Court Opinion

ID: 6233615
Source: CourtListenerOpinion
Date Created: 2022-02-17 20:27:30.668558+00
Date Added: 2024-06-11T08:57:57.899174
License: Public Domain

The opinion of the court was delivered,
by Thompson, C. J.
It has always been a matter of difficulty to determine judicially, the precise point at which pecuniary accountability for the consequences of wrongful or injurious acts, is to cease. No rule has been sufficiently defined and general as to control in all cases. Yet there is a principle applicable to most cases of injury which amounts to a limitation. It is embodied in the common law maxim, causa próxima non remota spectatur— the immediate and' not the remote cause is to be considered. Pars, on Cont., Vol. III., p. 198, illustrates the rule aptly by the supposititious case of debtor and creditor, as follows: “ A creditor’s debtor has failed to meet his engagements to pay him a sum of money, by reason of which, the creditor has failed to meet his engagement, and the latter is thrown into bankruptcy and ruined. The result is plainly traceable to the failure of the former to pay as he agreed. Yet the law only requires him to pay his debt with interest. He is not held for consequences which he had no direct hand in producing and no reason to expect. The immediate cause of the creditor’s bankruptcy, was his failure to pay his own debt. The cause of that cause was the failure of the debtor to pay him, but this was a remote cause, being thrown back by the interposition of the proximate cause, the non-payment by the creditor of his own debt.” This, I regard, as a fair illustration of what is meant in the maxim, by the words upróxima” and remota.” See also notes, same volume, p. 180.

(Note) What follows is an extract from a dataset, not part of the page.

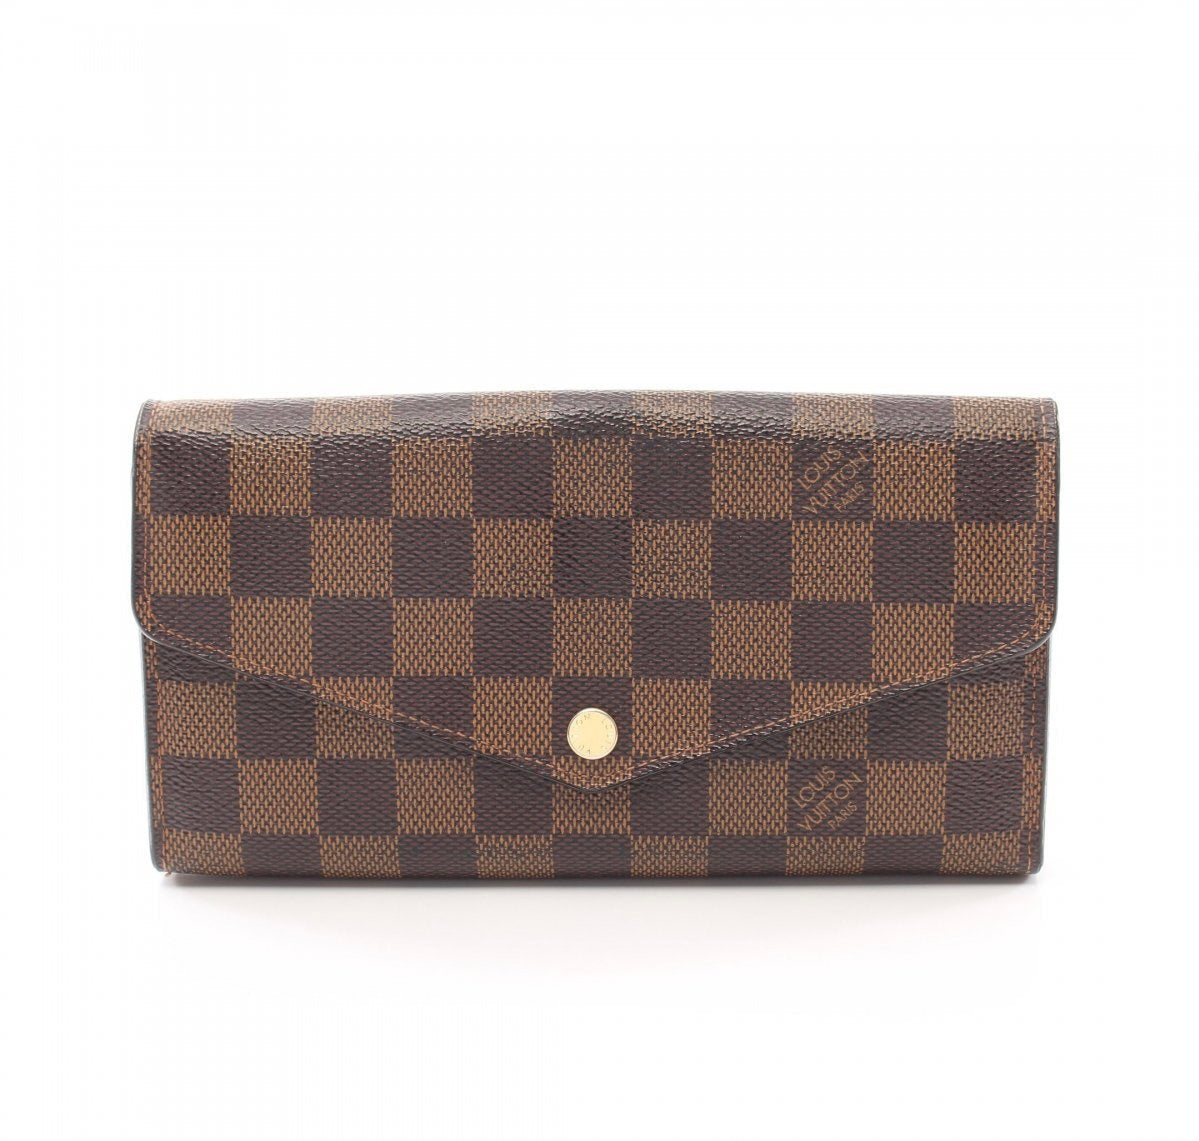 Shop Louis Vuitton PORTEFEUILLE SARAH LV SARAH WALLET Monogram Brown  Leather Long Wallets N63209 by Belleplume

In Harrison v. Berkley, 1 Strobh. (S. C. Rep.) 548, Wardlaw, J., indulges in some reflections on this point worth referring to in *365this connection. “Every incident,” says he, “will, when carefully-examined, be found to be the result of combined causes; to be itself one of various causes, which produces other events. Accident or design may disturb the ordinary action of causes. It is easy to imagine some acts of trivial misconduct or slight negligence, which shall do no direct harm, but sets in motion some second agent that shall move a third, and so on until the most disastrous consequences shall ensue. The first wrongdoer, unfortunate, rather than seriously blameable, cannot be made answerable for all these consequences.”

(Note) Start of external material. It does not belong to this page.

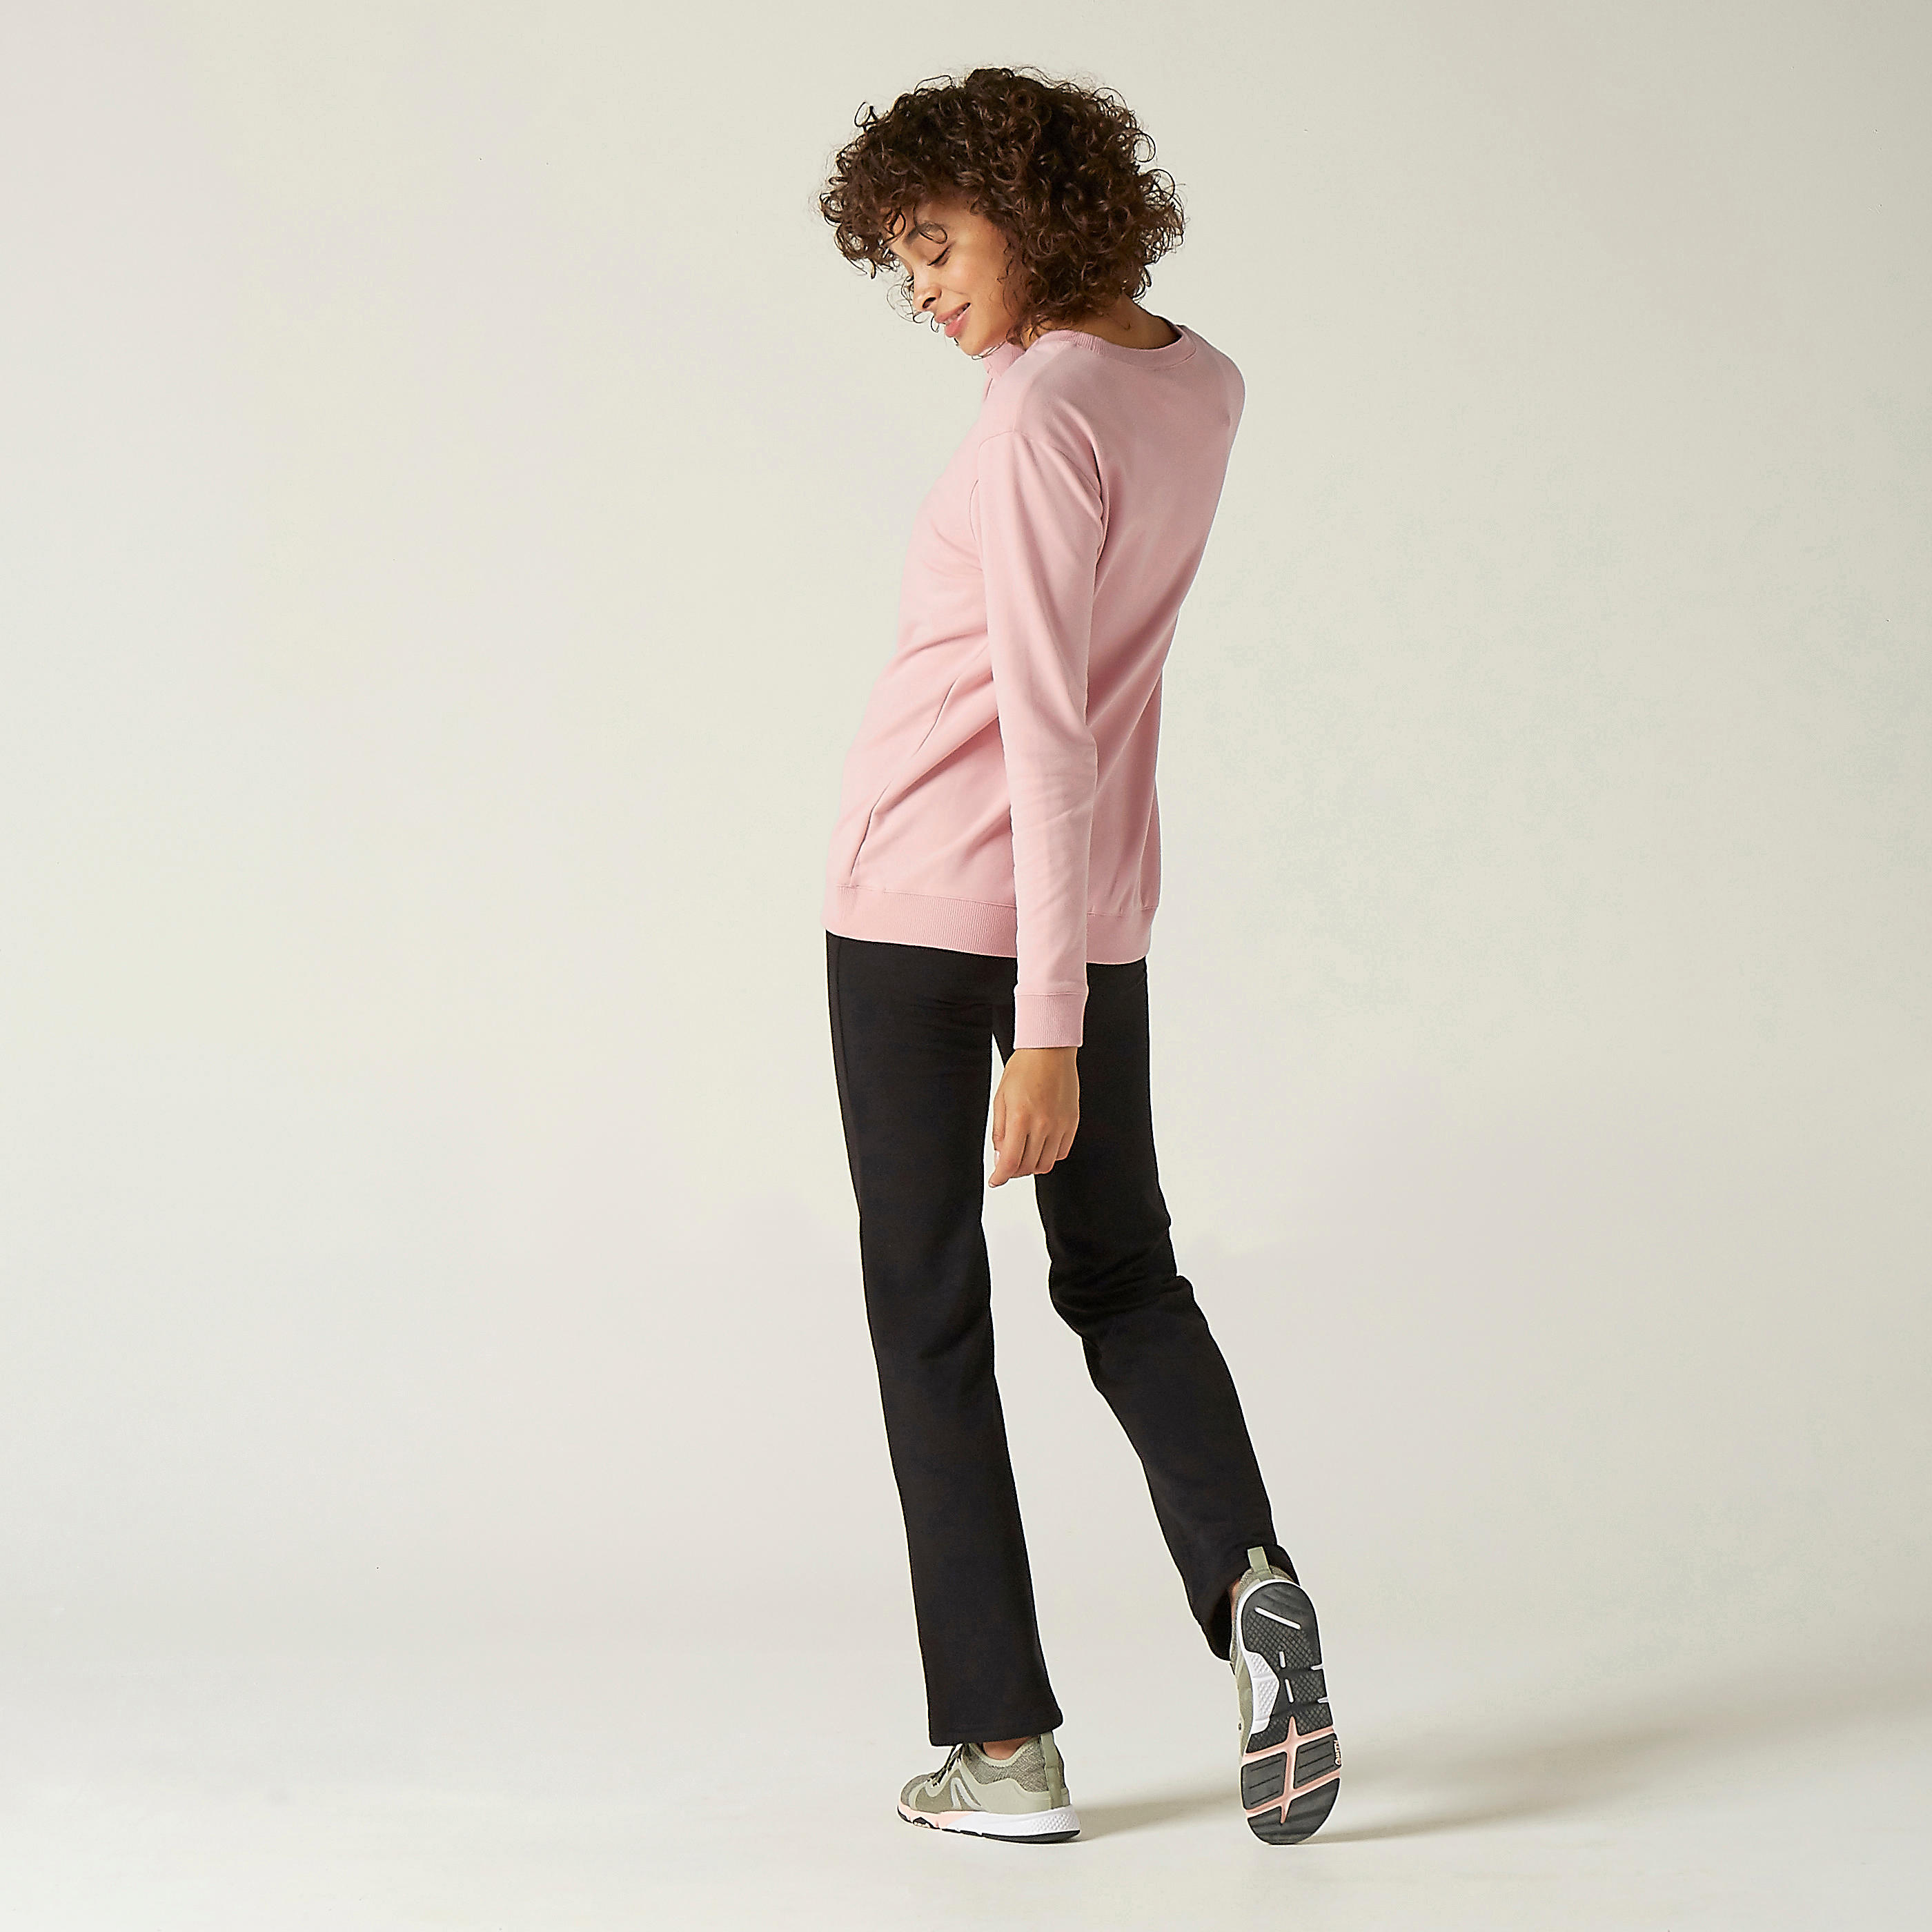 Refurbished Womens Fitness Sweatshirt 100-Pink - A Grade 4/6

i It is certain, that in almost every considerable disaster the result of human agency and dereliction of duty, a train of consequences generally ensue, and so ramify, as more or less to affect the whole community. Indemnity cannot reach all these results, although parties suffer who are innocent of blame. This is one of the vicissitudes of organized society. Every one in it takes the risk of these vicissitudes. - Wilfulness itself cannot be reached by the civil arm of the law for all the consequences of consequences, and some sufferers, necessarily remain without compensation. The case of Scott v. Shepherd, 2 Wm. Blac. R. 893, the case of the squib, is sometimes cited as extending the principle of the maxim, but it is not so. The doctrine of proximate and remote causes was really not discussed in that case. One threw a squib in a market-place amongst the crowd. It fell on the stall of one who immediately cast it off to prevent it exploding there, and it struck a third person and exploded, putting out his eye. The question was, whether the defendant could be made answerable in the form of action adopted, which was trespass. De Grey, C. J., held, that the first thrower, the defendant, was answerable, for that in fact the squib did the injury by the first impulse. In this way the action of trespass was sustained. It is no authority against the principle suggested. There must be a limit somewhere. Greenl. in Vol. II., § 256, touches the question thus: “ the damages to be recovered must be the natural and proximate consequence of the act complained of.” This is undoubtedly the rule. . The difficulty is in distinguishing what is proximate and what remote. I regard the illustration from Parsons already given, although the wrong supposed arises ex contractu, as clear as any that can be suggested.
It is an occurrence undoubtedly frequent, that by the careless use of matches, houses are set on fire. One adjoining is fired by the first, a third is by the second, and so on, it might be, for the length of a square or more. It is not in our experience that the first owner is liable to answer for all these consequences, and there is a good reason for it. The second and third houses, in the case supposed, were not burned by the direct action of the match, and who knows how many agencies might have contributed to produce the result. Therefore, it would be illogical to hold the match *366chargeable as the cause of what it did not do, and might not have done. The text books, and I think, the authorities agree, that such circumstances define the word “ remota” removed, and not the immediate cause. This is.also Webster’s third definition of the word “remote.” The question which gives force to the objection that the second or third result of the first cause is remote, is put by Parsons, Yol. II., 180, “ did the cause alleged produce its effects without another cause intervening, or was it made to operate only through or by means of this intervening cause?” There might possibly be cases in which the causes of disaster, although seemingly removed from the original cause, are still incapable of distinct separation from it, and the rule suggested might be inapplicable ; but of these when they occur. The maxim, however, is not to be controlled by time or distance, but by the succession of events.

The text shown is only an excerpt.